> What to produce
Any picture in the listing is left out of the copy; all else is duplicated exactly.

==== Information shown

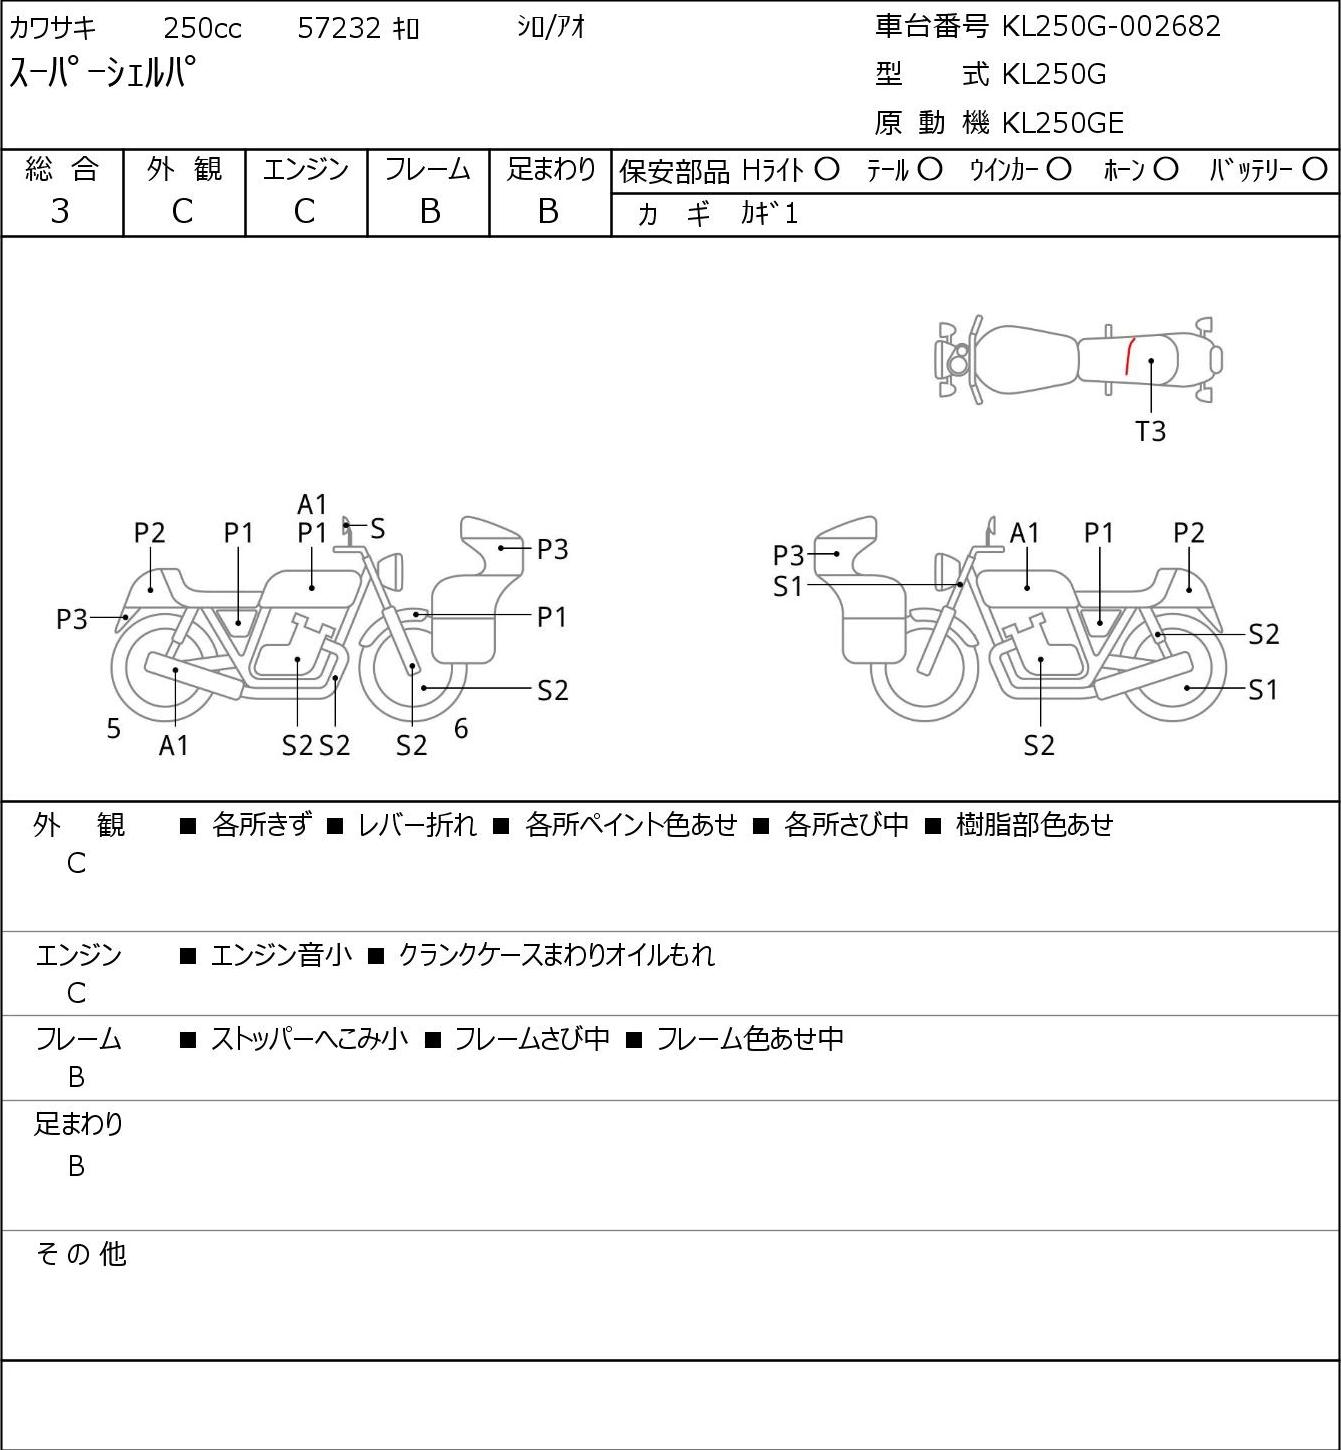 Kawasaki SUPER SHERPA KL250G 1997г. 57232
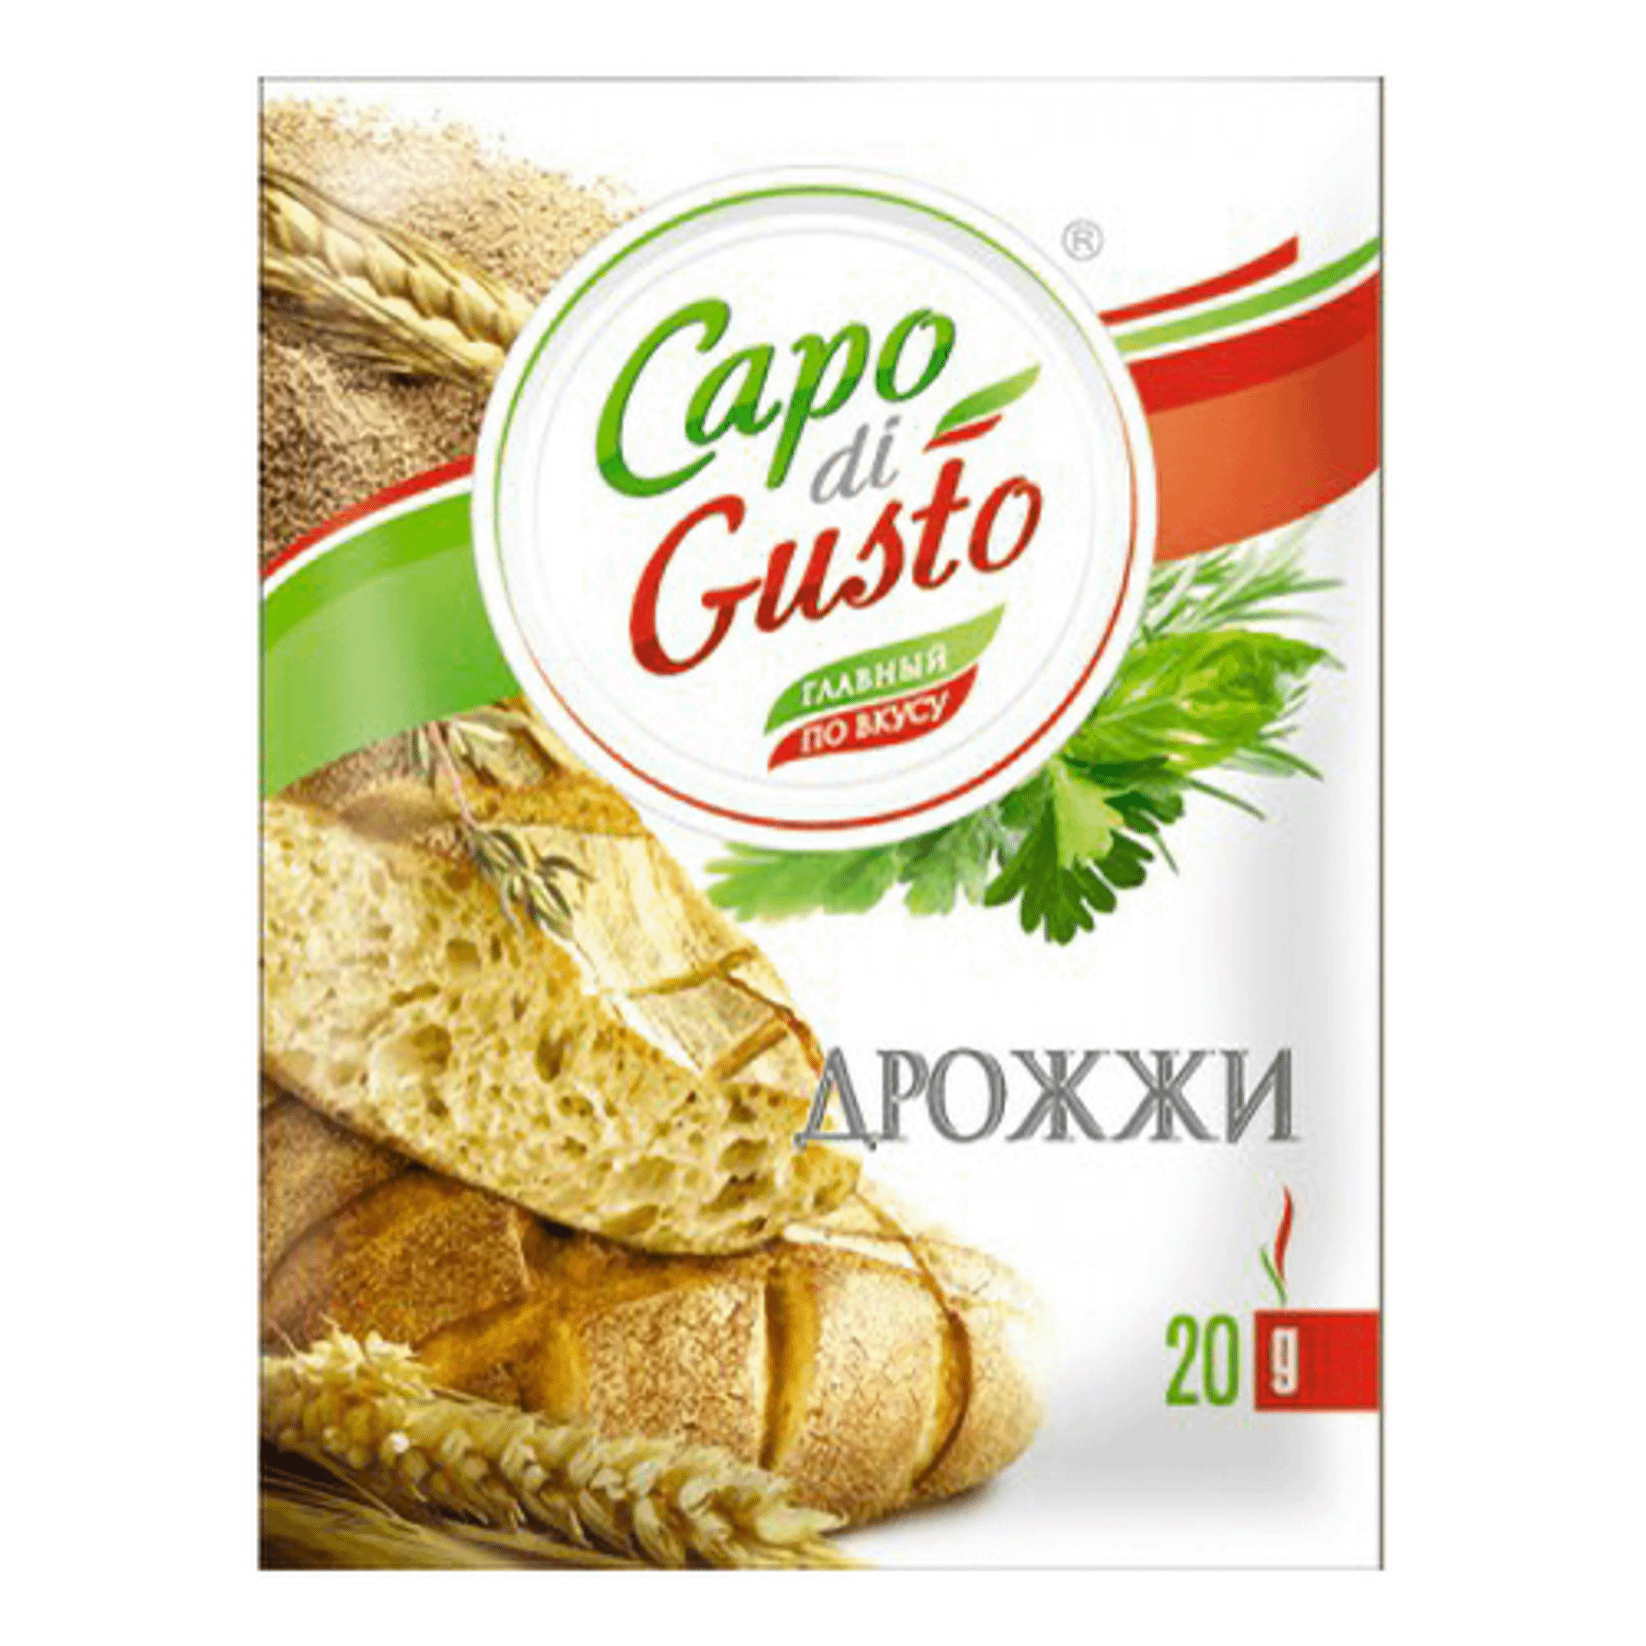 Дрожжи Capo di Gusto быстрорастворимые 20 г дрожжи сухие saf instant хлебопекарные инстантные 500 гр
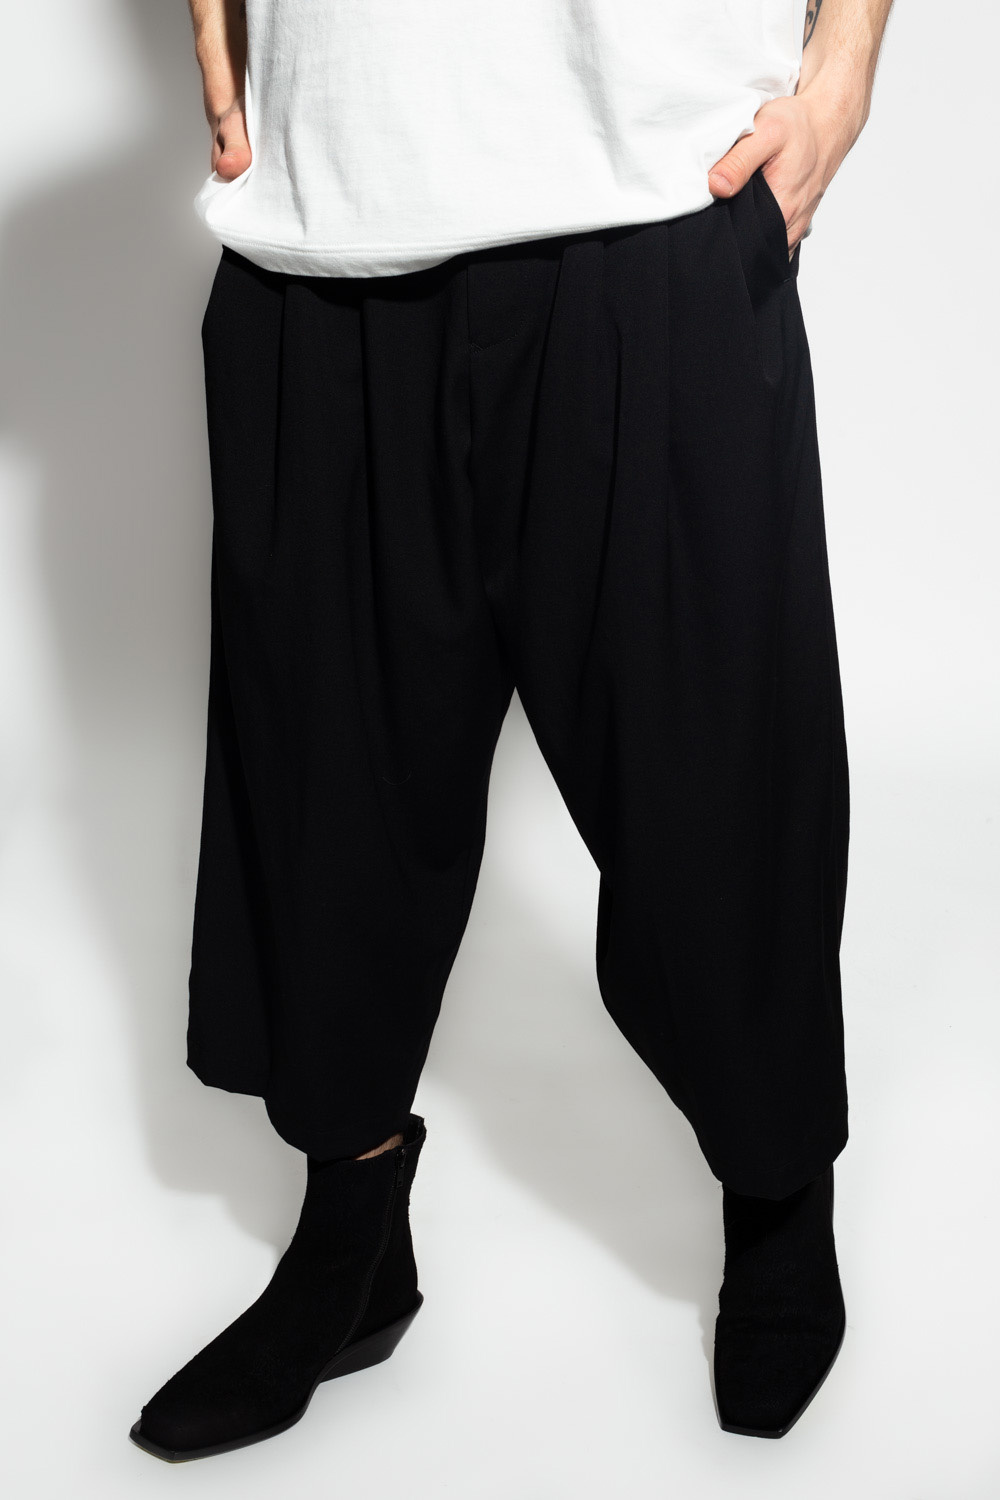 Yohji Yamamoto SS96 Trousers  Grailed  Yohji yamamoto Pattern fashion  Jumpsuit pattern
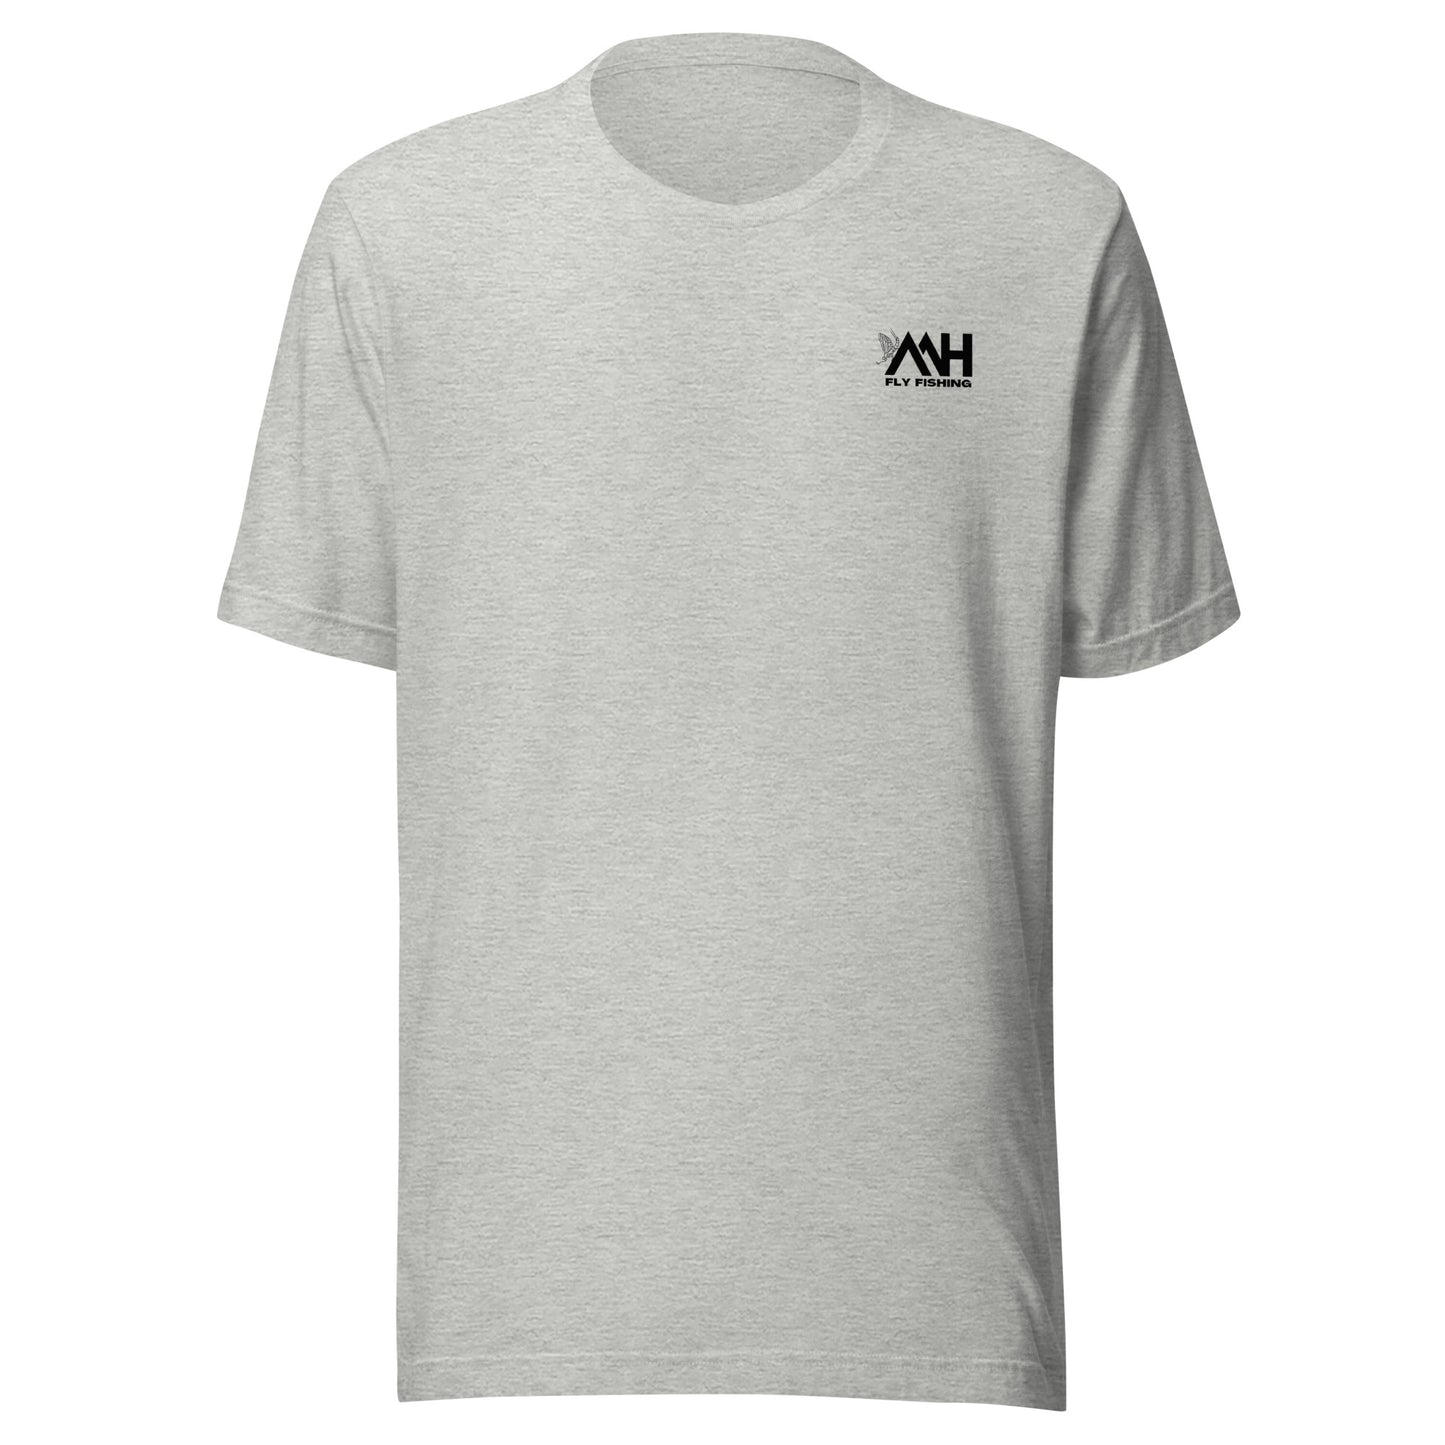 MH Trout Flies Unisex t-shirt

========

> Worked solution
 Kawasaki SUPER SHERPA KL250G 1997г. 57232
 Дрожжи Capo di Gusto быстрорастворимые 20 г дрожжи сухие saf instant хлебопекарные инстантные 500 гр
 Yohji Yamamoto SS96 Trousers  Grailed  Yohji yamamoto Pattern fashion  Jumpsuit pattern
 MH Trout Flies Unisex t-shirt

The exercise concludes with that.